- [WHAT THE EXERCISE ASKS]: The reply should hold only the lines below beginning at the one with "This one was" and ending at the one with "An opened red", copied exactly, with every picture left out.

- [GIVEN DATA]:
****************************************
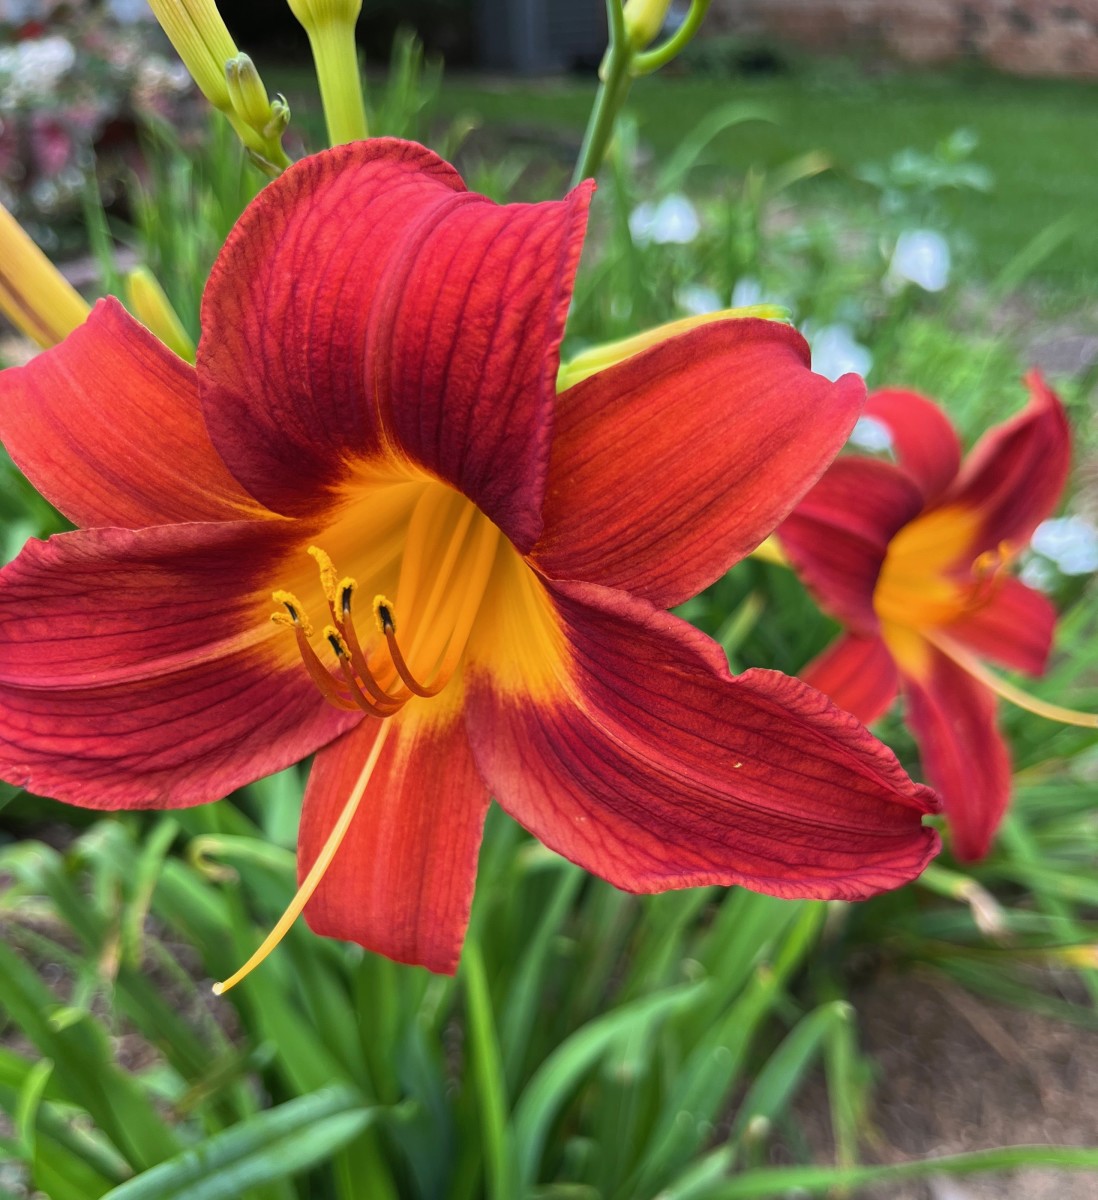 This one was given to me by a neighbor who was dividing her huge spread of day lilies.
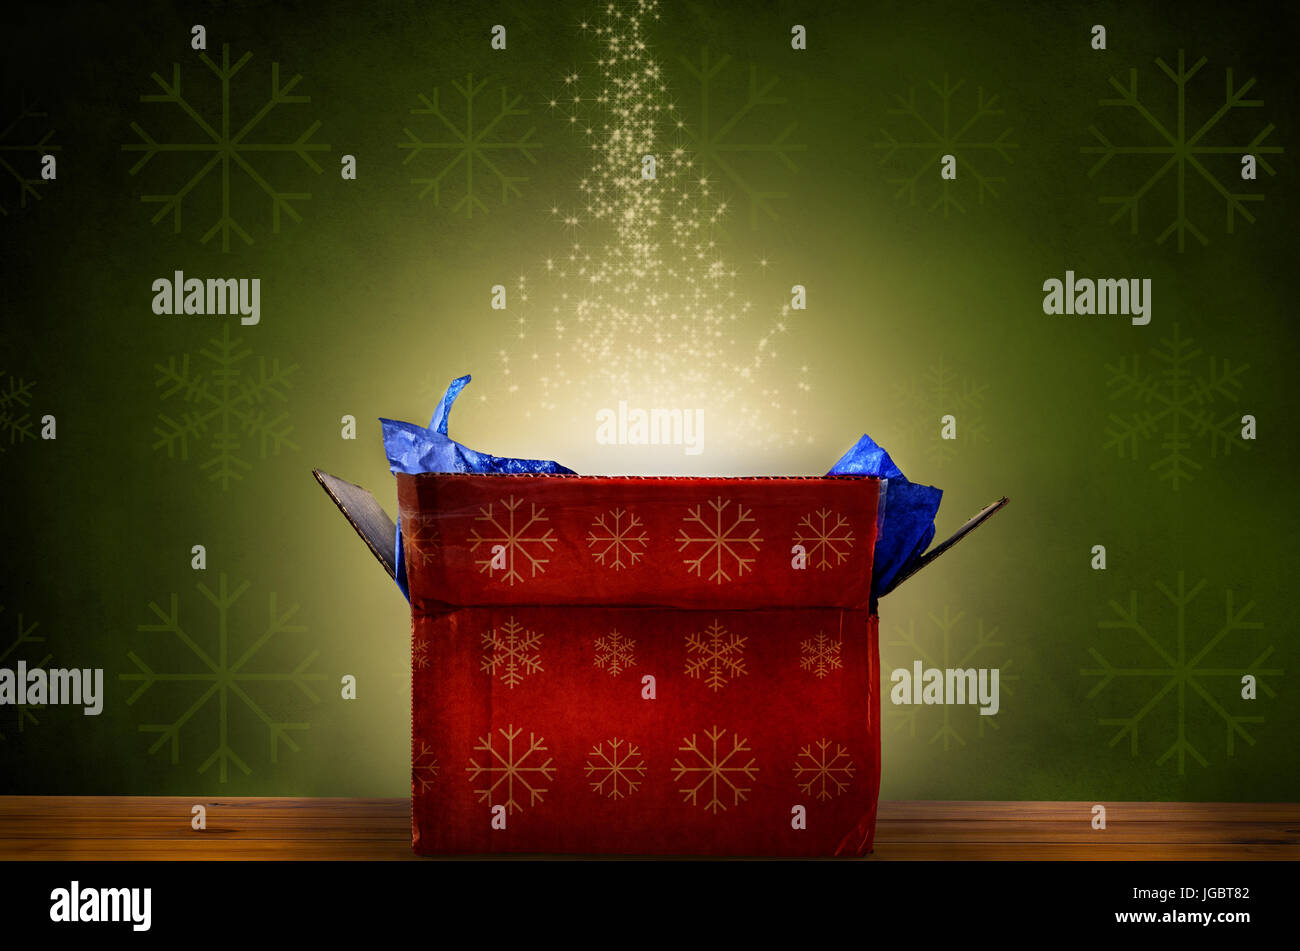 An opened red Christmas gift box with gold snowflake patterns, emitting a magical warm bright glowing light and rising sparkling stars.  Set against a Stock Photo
****************************************
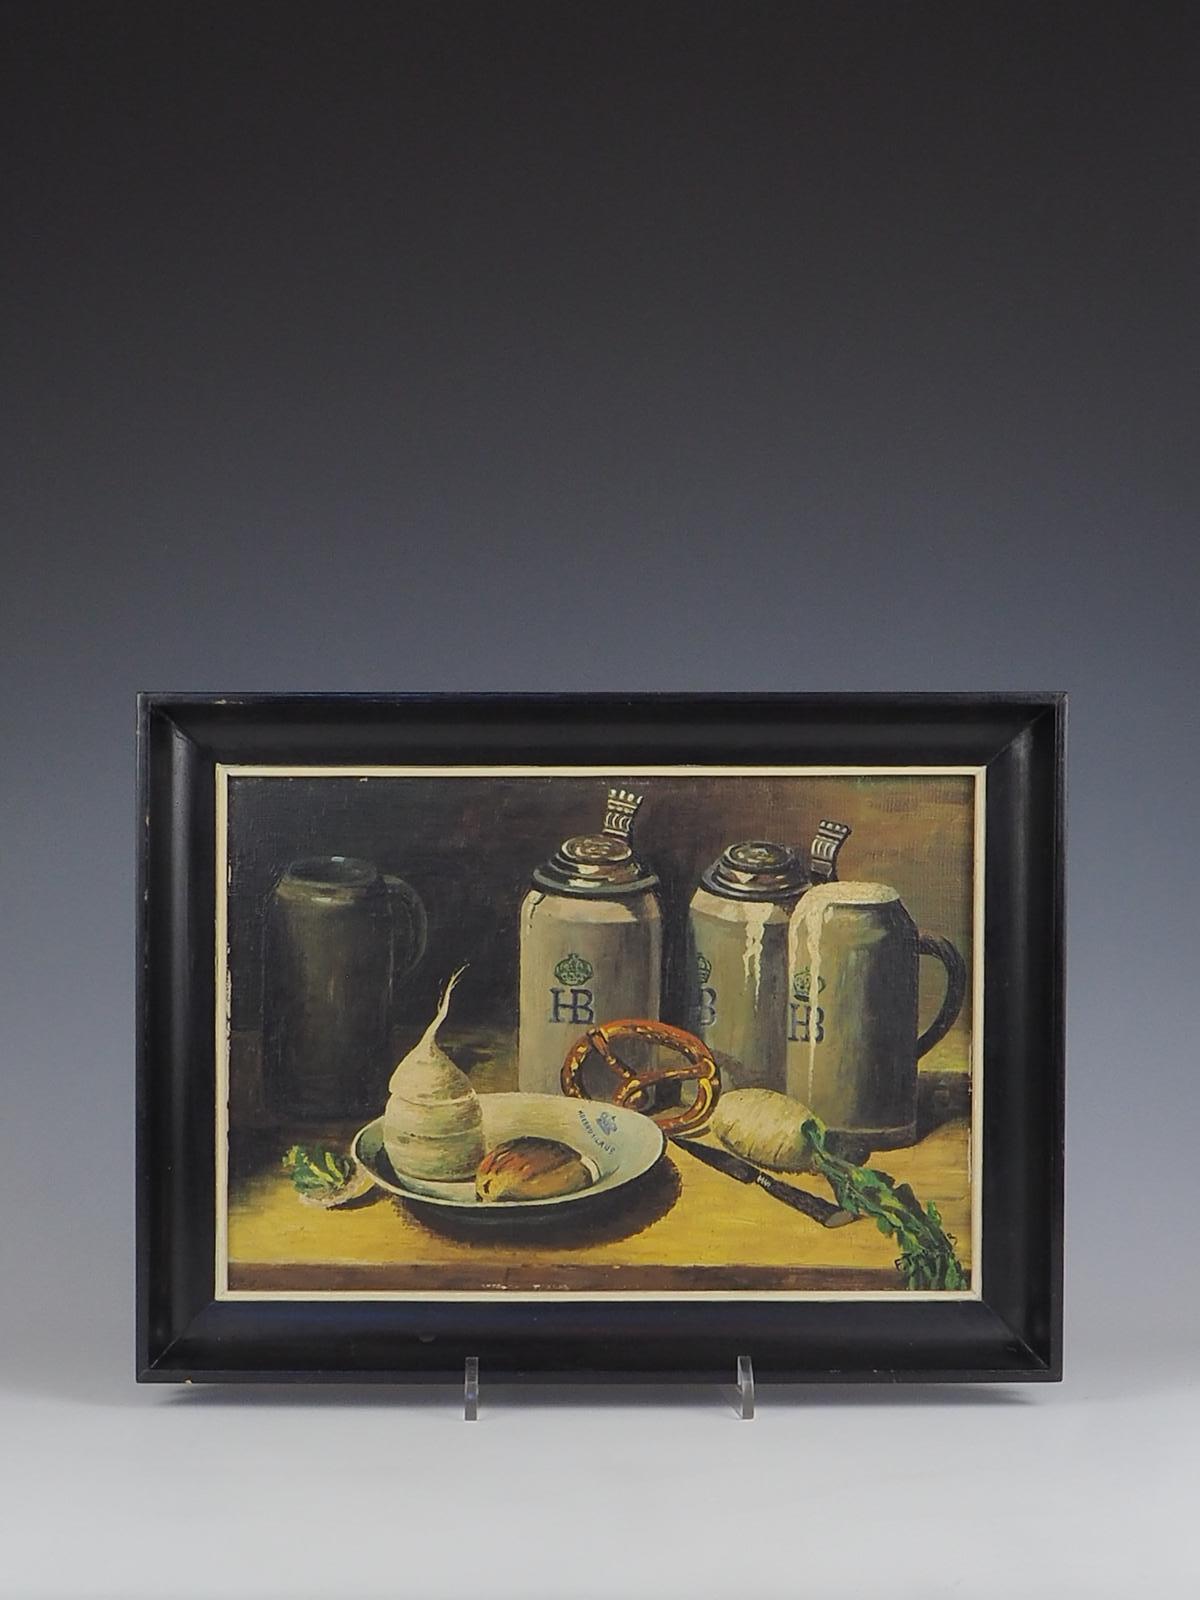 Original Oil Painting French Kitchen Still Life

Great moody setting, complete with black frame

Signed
****************************************
- [WRITTEN SOLUTION]:
 This one was given to me by a neighbor who was dividing her huge spread of day lilies.
 An opened red Christmas gift box with gold snowflake patterns, emitting a magical warm bright glowing light and rising sparkling stars.  Set against a Stock Photo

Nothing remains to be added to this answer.